Egypt, was protected from her enemies by thousands of miles of desert, developed in secure isolation. There was a sense of durability and order in this land of hot sun, and this sense is display in the art of the ancient Egyptians.
The Egyptian nation begins about 5000 years ago when King Menes (also called Narmer) began the first of Egypt’s 31 dynasties (ruling families). King Menes did this by uniting its many small kingdoms under his own powerful rule. This significant event is recorded on his palette, a ceremonial plate used for mixing eye makeup (the Egyptians painted their eyes to protect them from the glare of the sun).
The back of the palette (below) represents the victorious king wearing the tall crown of Upper Egypt. He prepares to kill his fallen enemy, while two other captives sprawl at his feet. To the right of the king, a hawk (who represents the god Horus) perches on a clump of papyrus (symbolizing Lower Egypt), and holds an enemy’s head by a rope. This pictogram is another symbol of Menes’s take-over of Lower Egypt. At the top of the palette, the king’s name is written in hieroglyphics between two images of Hathor, the cow goddess.
On the other side of the palette, the situation is reversed and Menes, now wearing the crown of Lower Egypt, conquers the Upper Kingdom. The Narmer palette thus symbolizes the union of the country, and from this time forward, all pharaohs wore double crowns and called themselves “kings of Upper and Lower Egypt.”
The Palette Of Narmer (left), Egypt, created c 3000 B.C., displays the ancient king Menes about to kill an enemy solider.
The palette is significant both as a work of art and as a historical document. The palette set a new standard for all future paintings and sculptures of important events in Egyptian history. The king’s shoulders and eyes are shown from the front, but his head, waist, and legs are viewed from the side. The Egypt artist adopted this style because he could show the most important parts of the body, as he knew them to be, not just as he saw them in a brief glance. As an effect, the art work has a peculiar, but permanent, look about him.
The concern with permanence can be link back to the Egyptians’ view of afterlife.

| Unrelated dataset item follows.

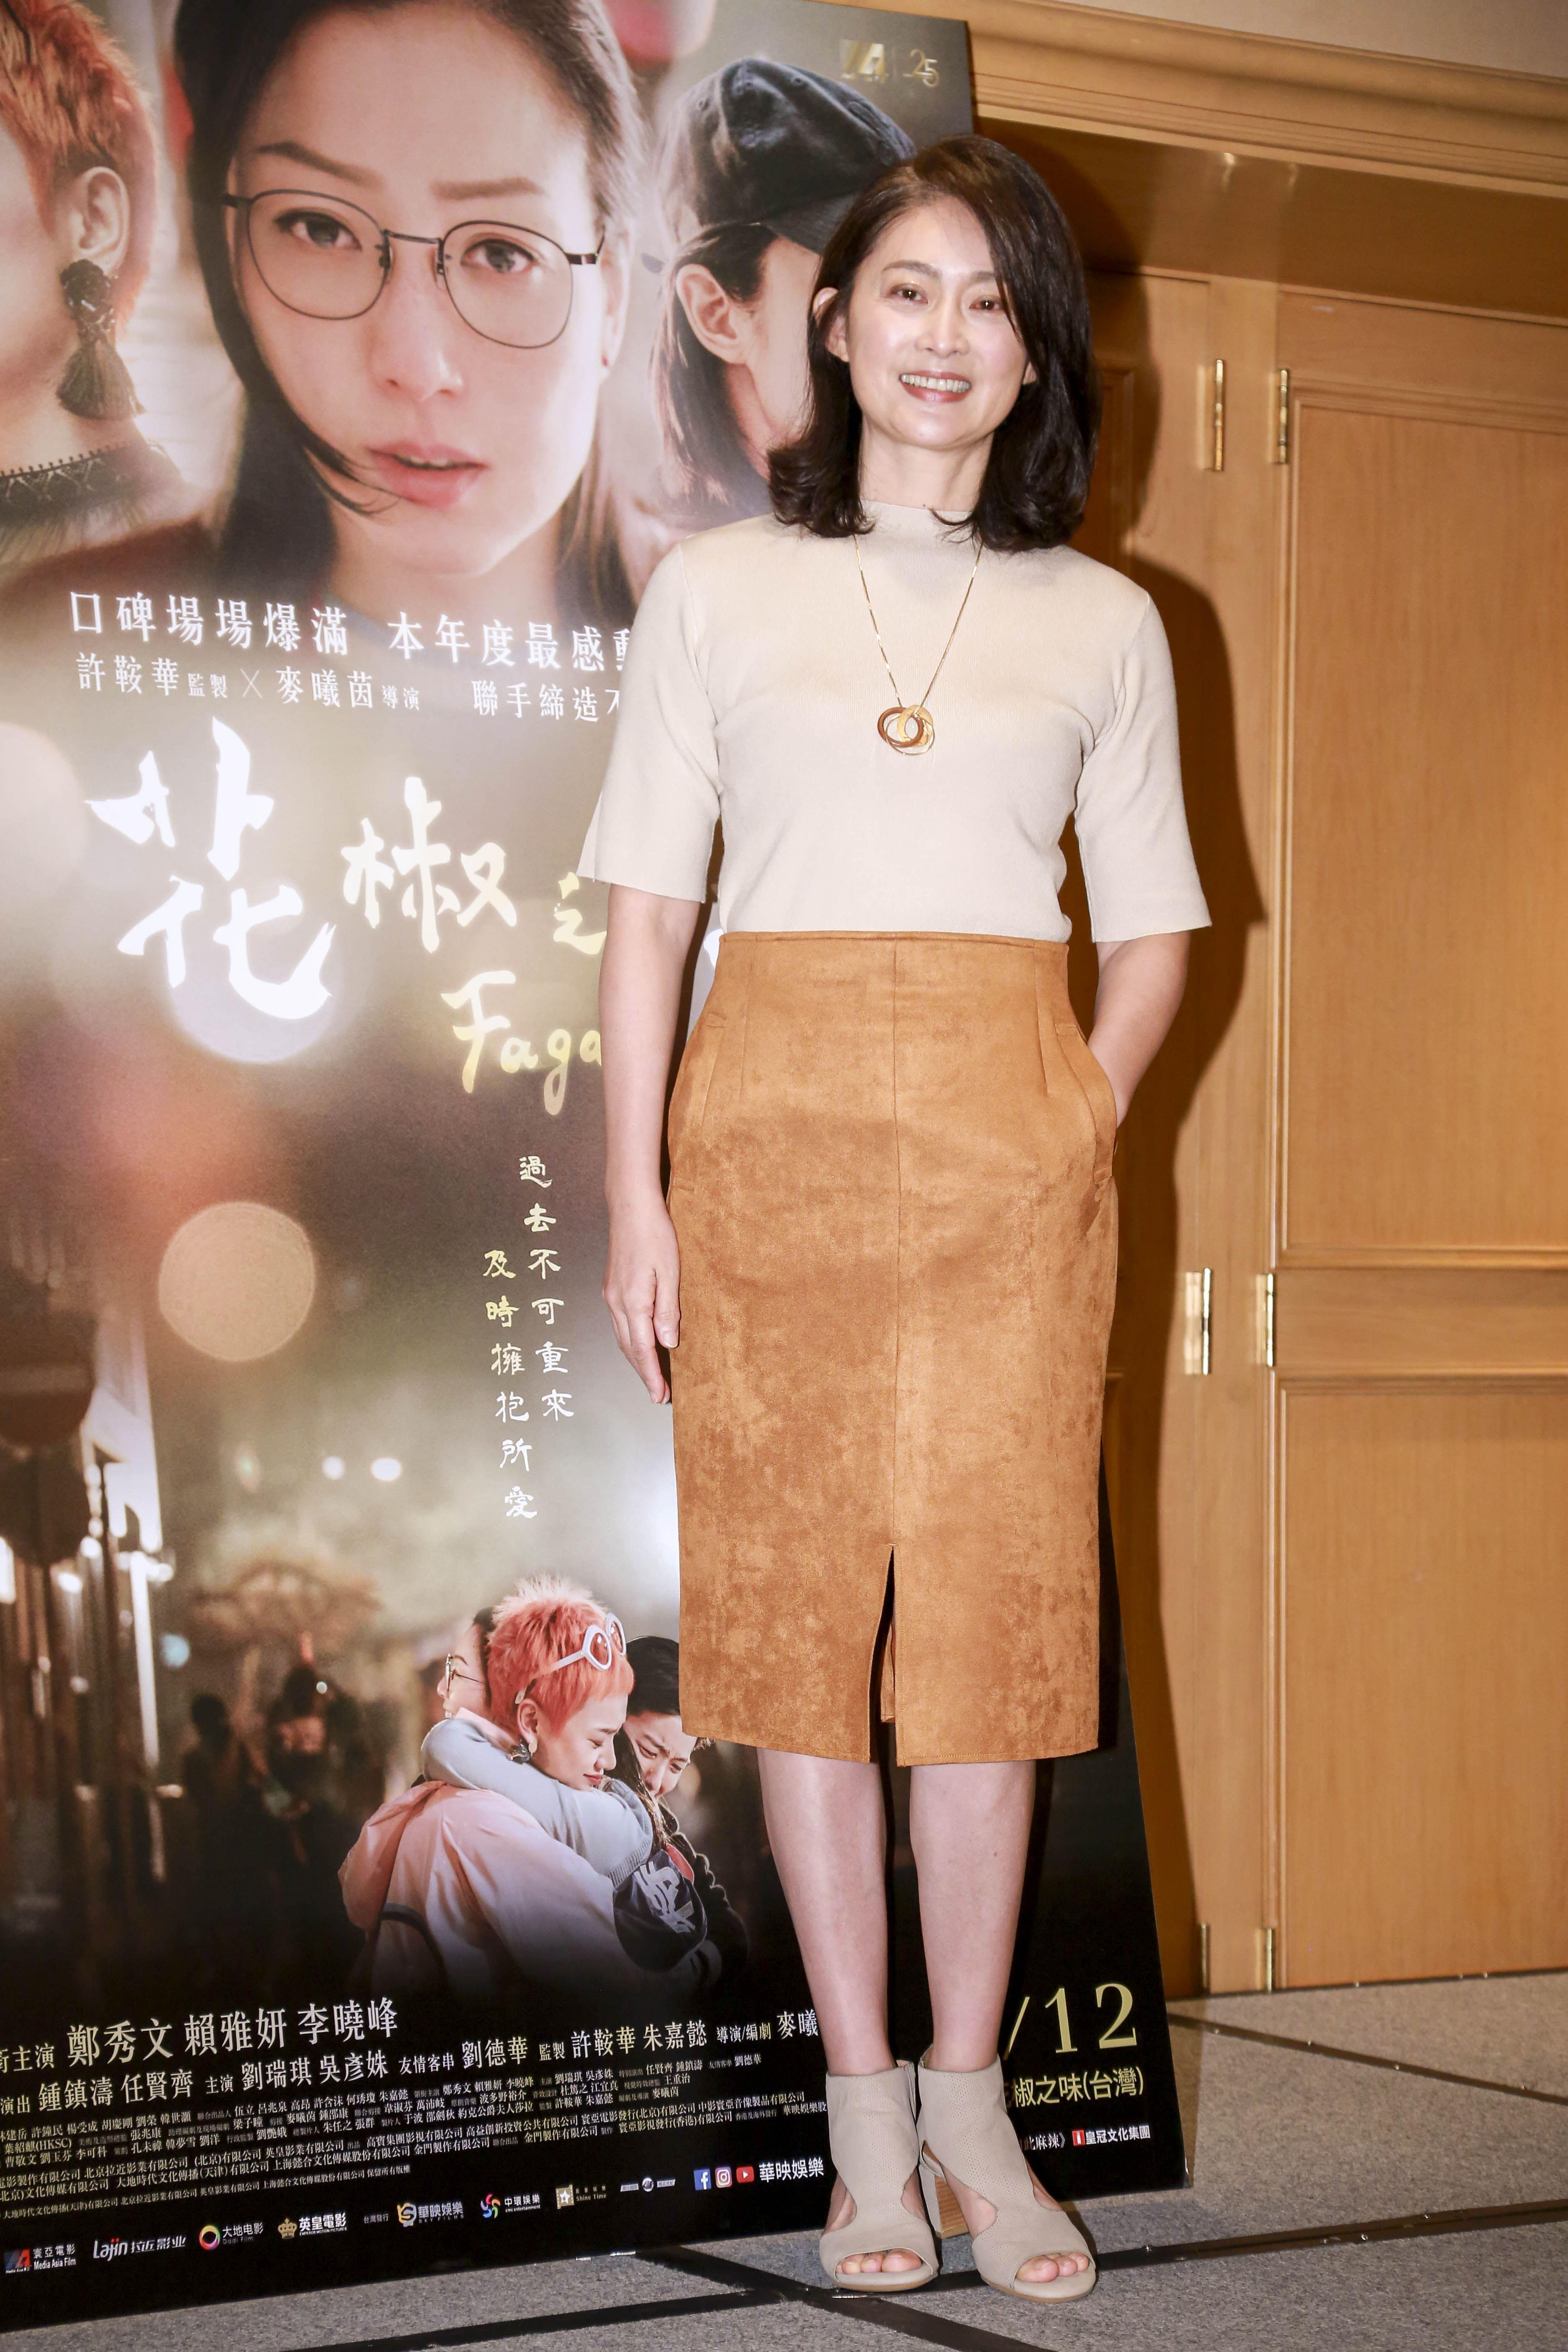 電影《花椒之味》媒體茶會,主演劉瑞琪。(圖/記者林士傑攝影)
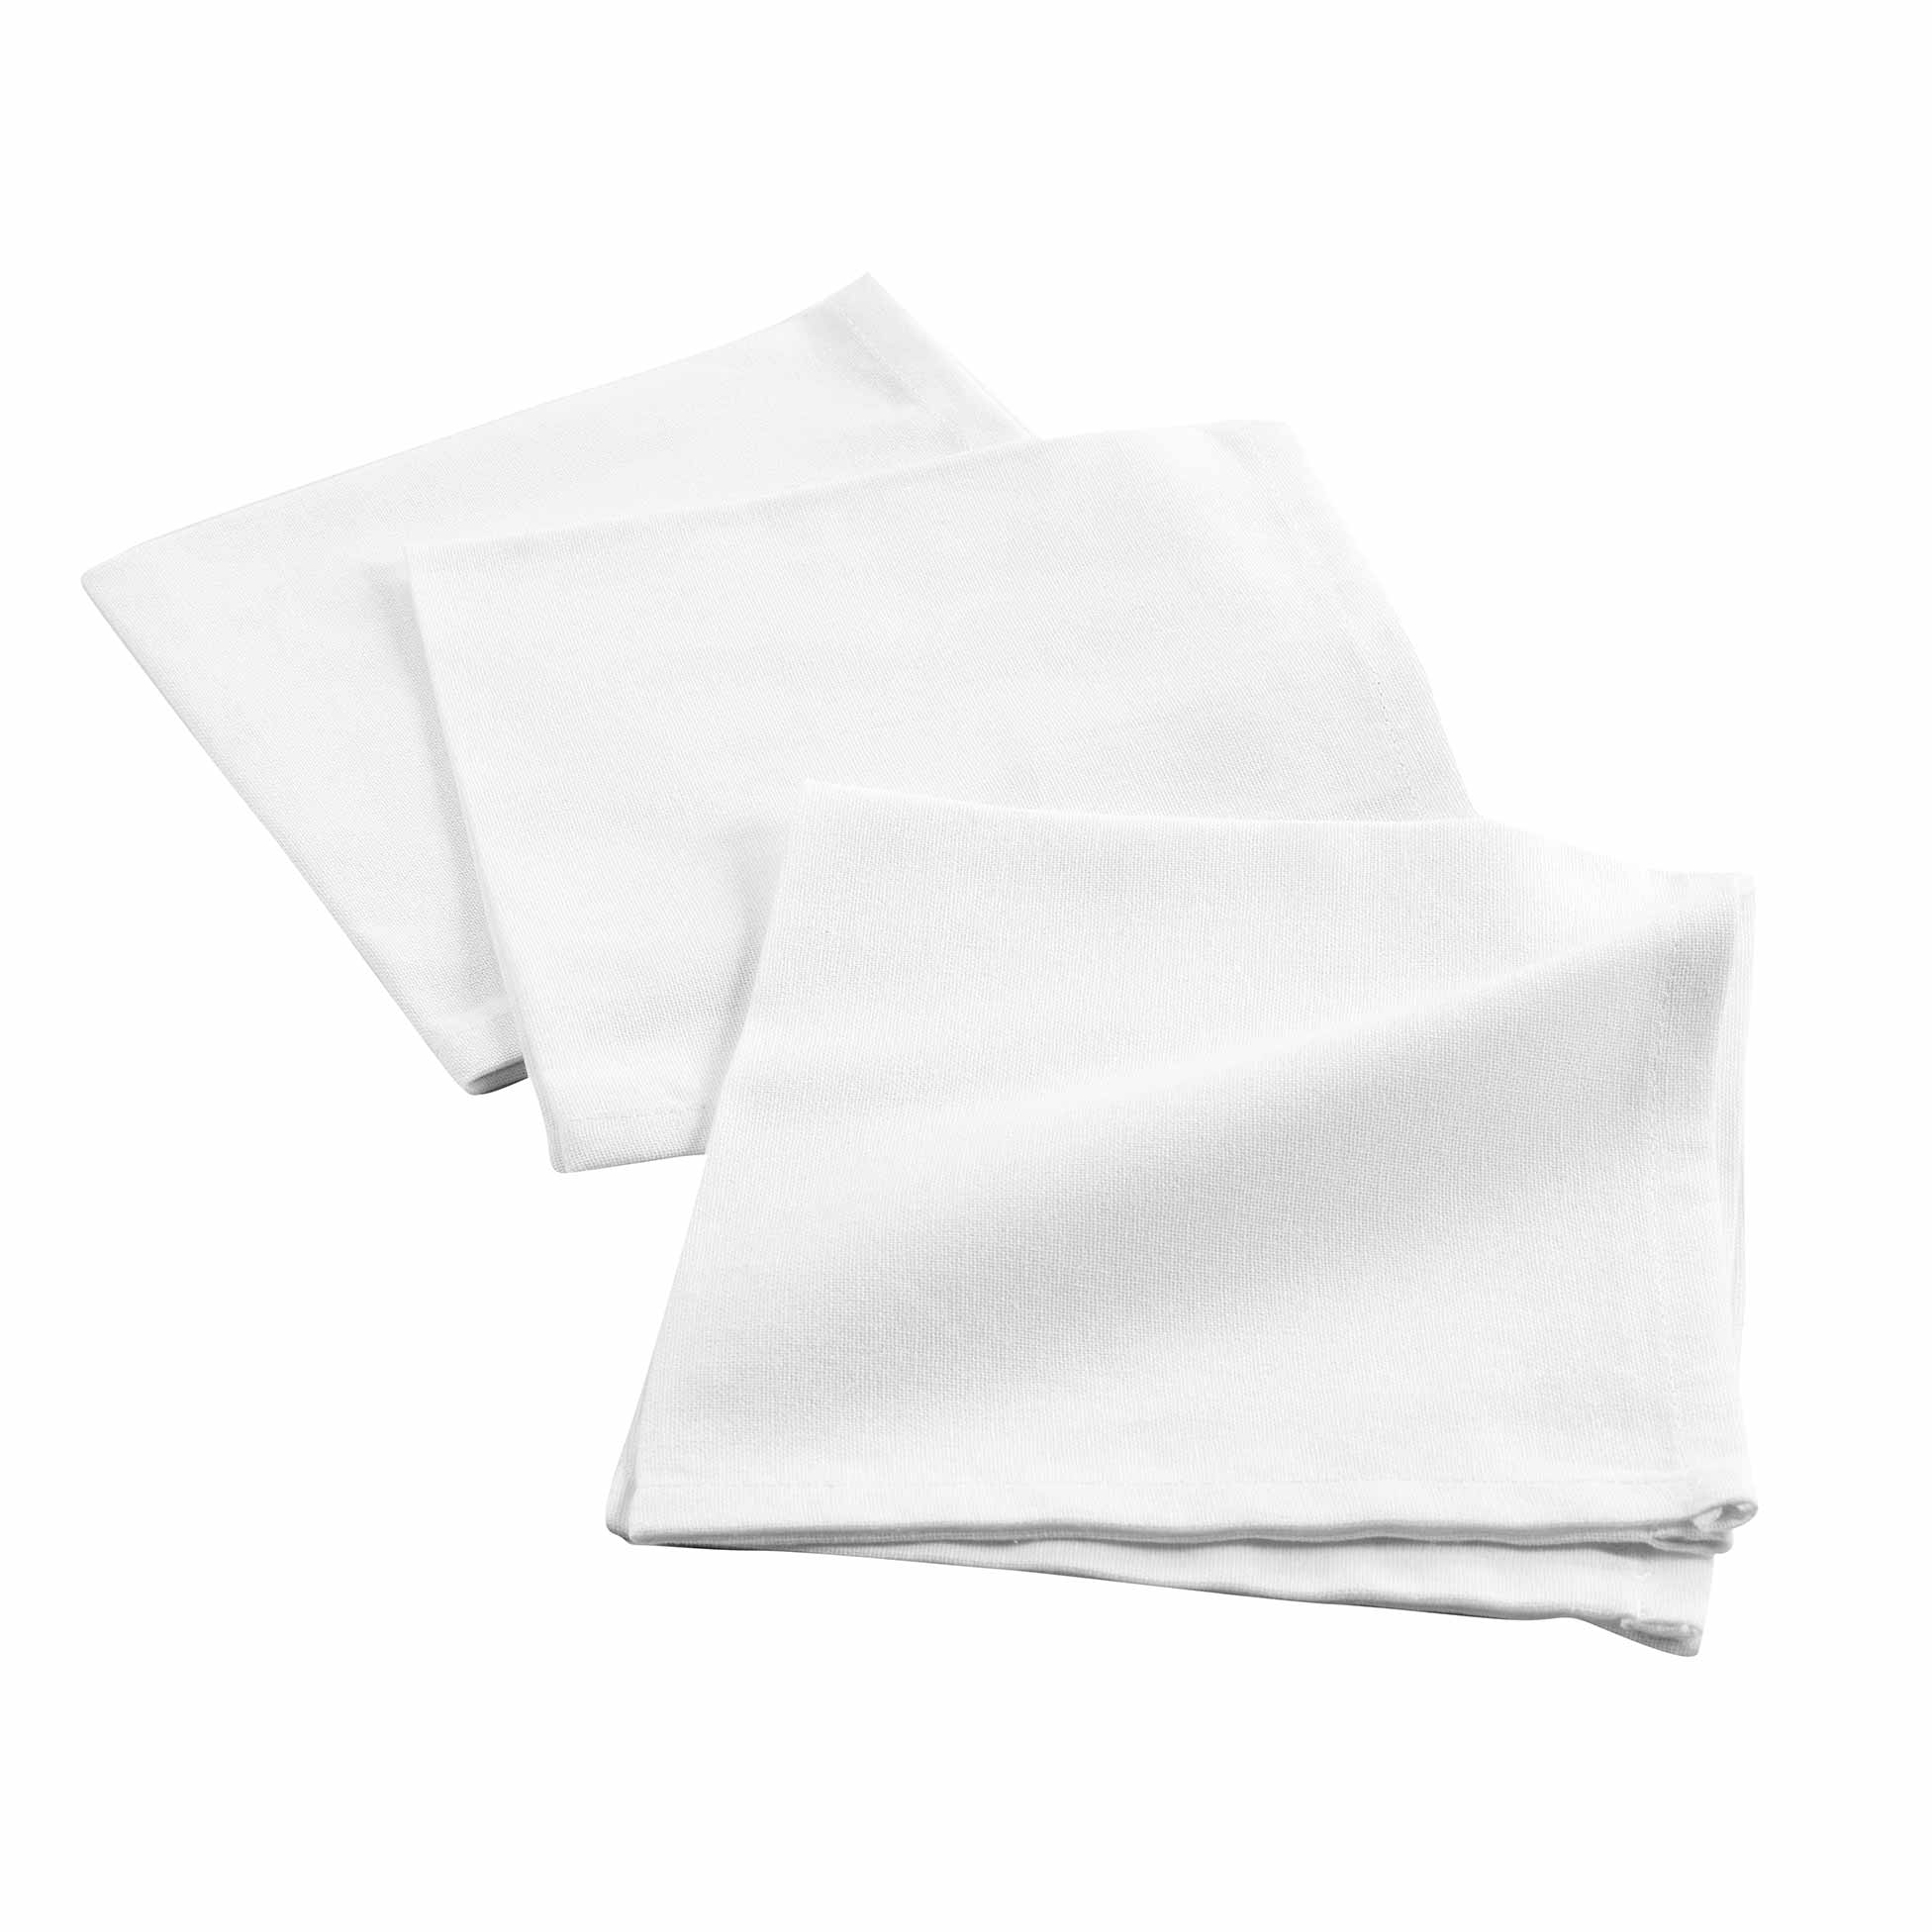 3 serviettes de tables unies coton blanc 40x40

The Egyptian believed when a person pass away, their soul would go on to live as long as the body was preserved. This is why the Egyptians made mummies because the belief of life in the next world was to be a happier existence. To insure this, the Egyptians filled their tombs with all manner of goods including art, furniture, clothing, games, and even food. They also painted the tomb walls with stunning and realistic pictures of the dead person’s land, family, and slaves. The most lavish appointed tombs were those of the pharaohs, or kings.
The Egyptians believed that their pharaoh or king was a living god. They also believed that everything, from the rising of the sun to the flooding of the Nile, depended on divine favor from the god. Therefore, they took great actions to guarantee that the pharaoh’s spirit would be satisfied.
The Egyptians would pour their nation’s wealth into the structure of tombs for their kings. These great royal tombs structures went through a long period of evolution. It probably began as great mounds of earth and slowly grew into the standard form of mastaba (the Arabic word for “bench”). A mastaba is a rectangular flat-topped monument with sloping sides and a deep shaft leading to the subterranean burial chamber.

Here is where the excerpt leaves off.